Öte yandan aylarca atanmayan/toplanmayan komisyonlar nedeni ile hak kayıplarına geniş şekilde vurgu yapmıştık. Komisyon yapısı yeniden belirlendikten sonra 2 aylık düzenli toplantı şartı da karara bağlanmalıdır. Böylece karta erişim süreci daha kısalacaktır.

Arslan, ‘’Kartların ulaşımı takvime bağlanmalıdır’’

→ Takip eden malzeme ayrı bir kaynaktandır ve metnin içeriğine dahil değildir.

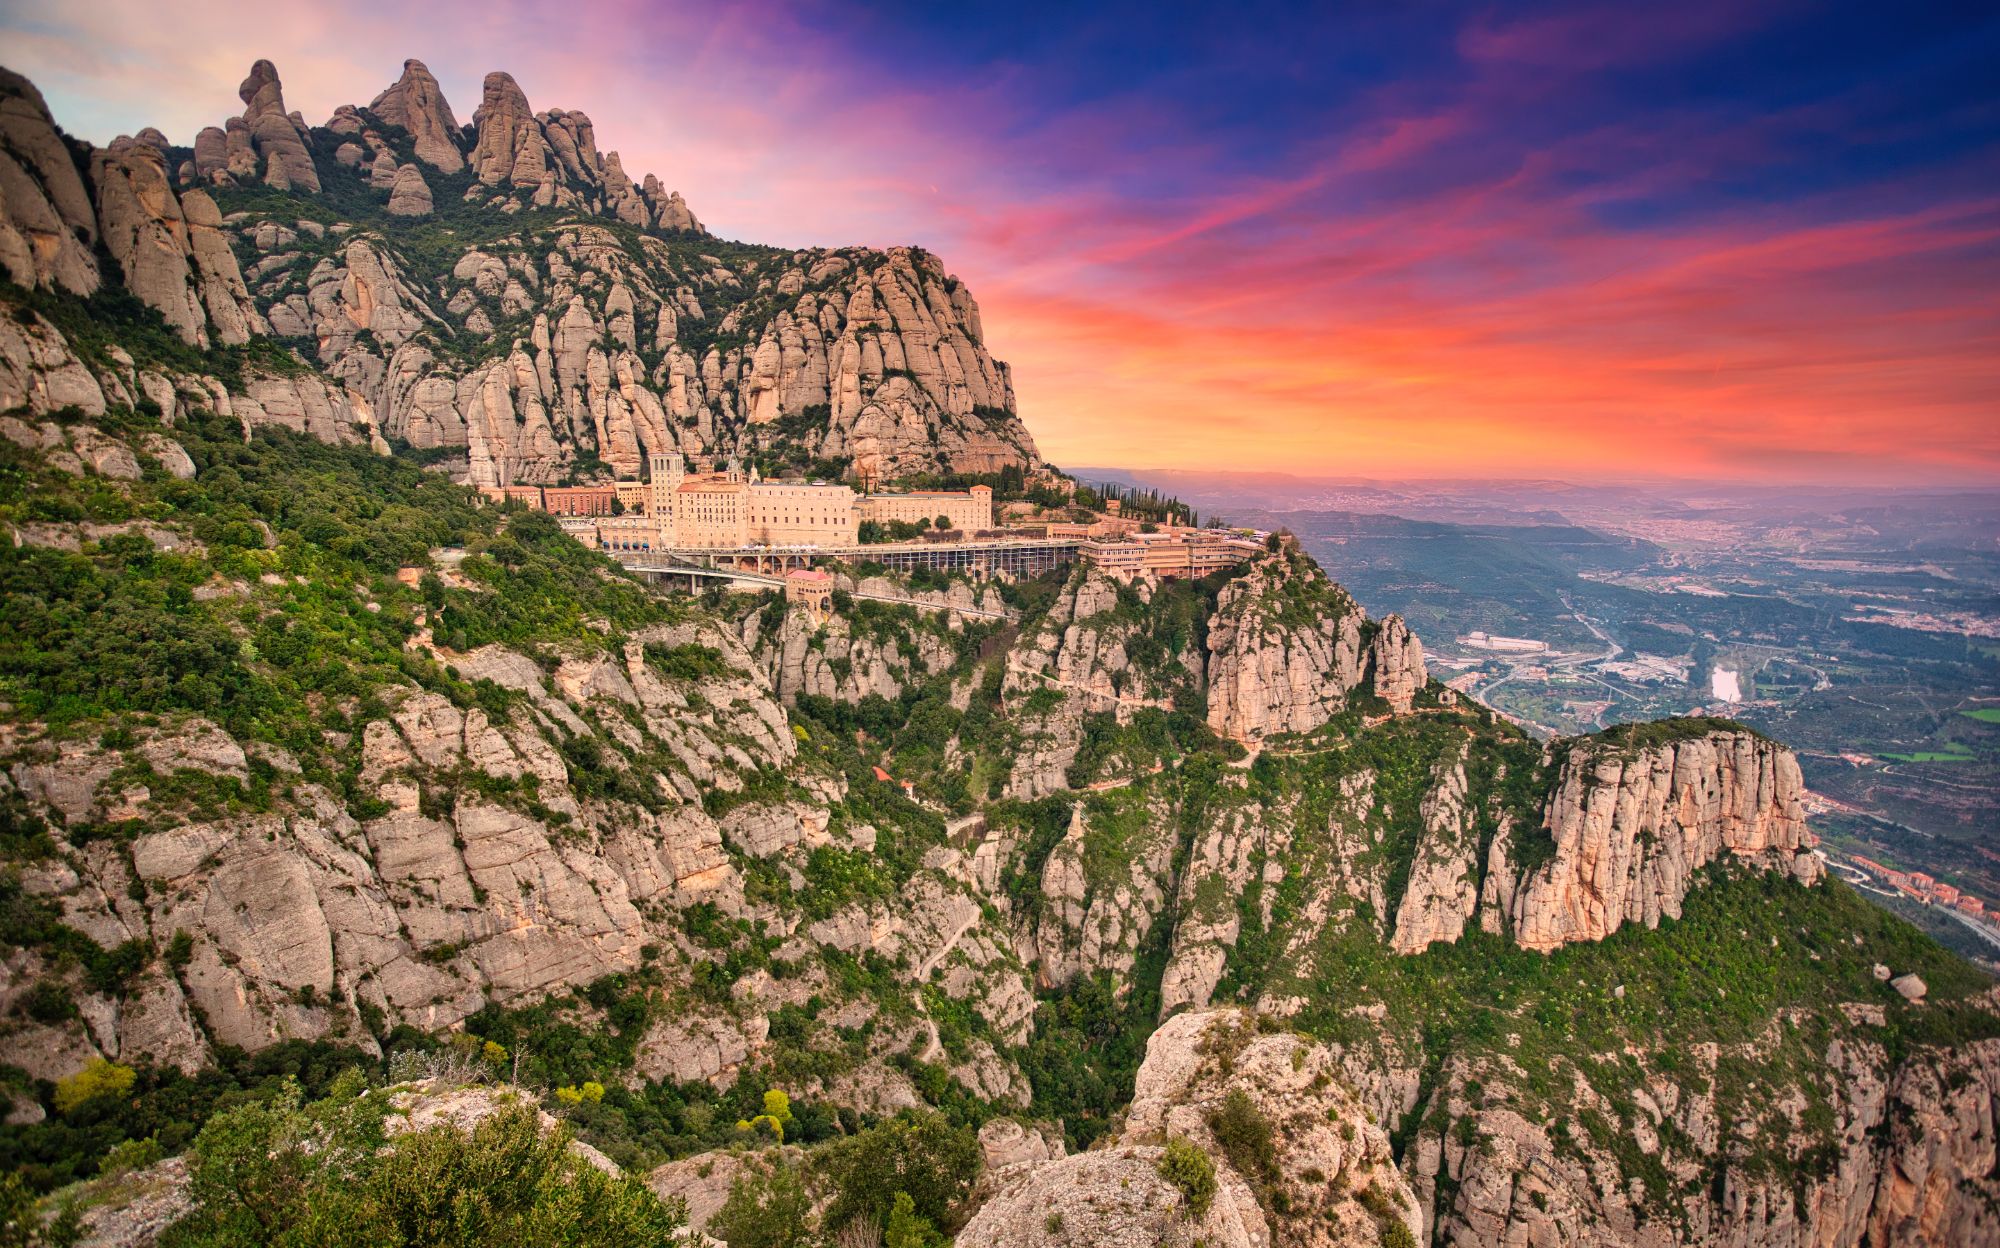 Image of Montserrat massif

Yukarıda basın kartına ilişkin iş ve işlemlerin sürelere bağlanması hususu izah edilmişti. Aynı durum kartların hak sahiplerine ulaştırılması (Yönetmelik madde 21) konusu da takvime bağlanmalıdır. Yeni kartlarla birlikte, yıpranma, kayıp vb. nedenle değişen kartlar için de aynı hüküm getirilmelidir.

Arslan, ‘’Gazetecinin fikir işçisi iken yayın kuruluş sahibi ya da tersi göz önünde olabileceği, göz önünde bulundurulmalıdır’’

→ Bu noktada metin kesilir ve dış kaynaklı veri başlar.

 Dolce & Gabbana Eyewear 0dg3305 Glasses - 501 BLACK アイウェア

Basın Kartları Yönetmeliği’nin ruhu ve dili fikir işçisinin daima fikir işçisi olacağı yayın sahibinin de hep yayın sahibi olacağı mantığı üzerine kuruludur (Yönetmelik madde 22) . Oysa ki her iki blokta geçişler yaşanabilmektedir. Yönetmelik de hayatın doğal akışına uygun gelecek şekilde bu geçişleri bekleme süresi, sürekli kart şartları açısından göz önünde bulundurmalıdır.

Arslan, ‘’Yayın Kuruluşlarına ‘Basın Trafik Kartı’ verilmelidir’’

Basın trafik kartları (Yönetmelik madde 37) basın kartı sahiplerine verilmektedir. Habere ulaşım ve görevlerin yerine getirilmesinde hız ve kolaylık sağlanmasını amaçlayan bu uygulama gayet yerindedir. Ancak basın-yayın kuruluşlarının hizmet araçları gün içinde haber ve diğer kurum hizmetleri için kullanılmakta söz konusu araçlar için basın trafik kartı elzem hale gelmektedir. Yayın kuruluşlarının niteliği ve kuruluş adına kayıtlı araçlardan haber amaçlı olanlar olmak kaydı ile belli sayıda basın trafik kartı verilebilmelidir.

Arslan, ‘’Kart Kontenjanı fikir işçilerinin hak kaybına yol açmamalıdır’’

Yayın kuruluşlarının nitelikleri, tiraj ve yüzölçümlerine göre kontenjana sahip olmaları fikir işçileri açısından olumsuzluk anlamına gelmektedir. Şöyle ki; mevcut düzenlemeye göre erken emeklilik için basın kartı şartı olması nedeni ile fikir işçisi olmakla beraber yayın kuruluşunun kontenjan yetersizliği nedeni ile basın kartı alamayan meslektaşlarımız eşitsizlikle karşı karşıya kalmaktadır. Bu durumun düzeltilmesi gerekmektedir.’’ Şeklinde oldu.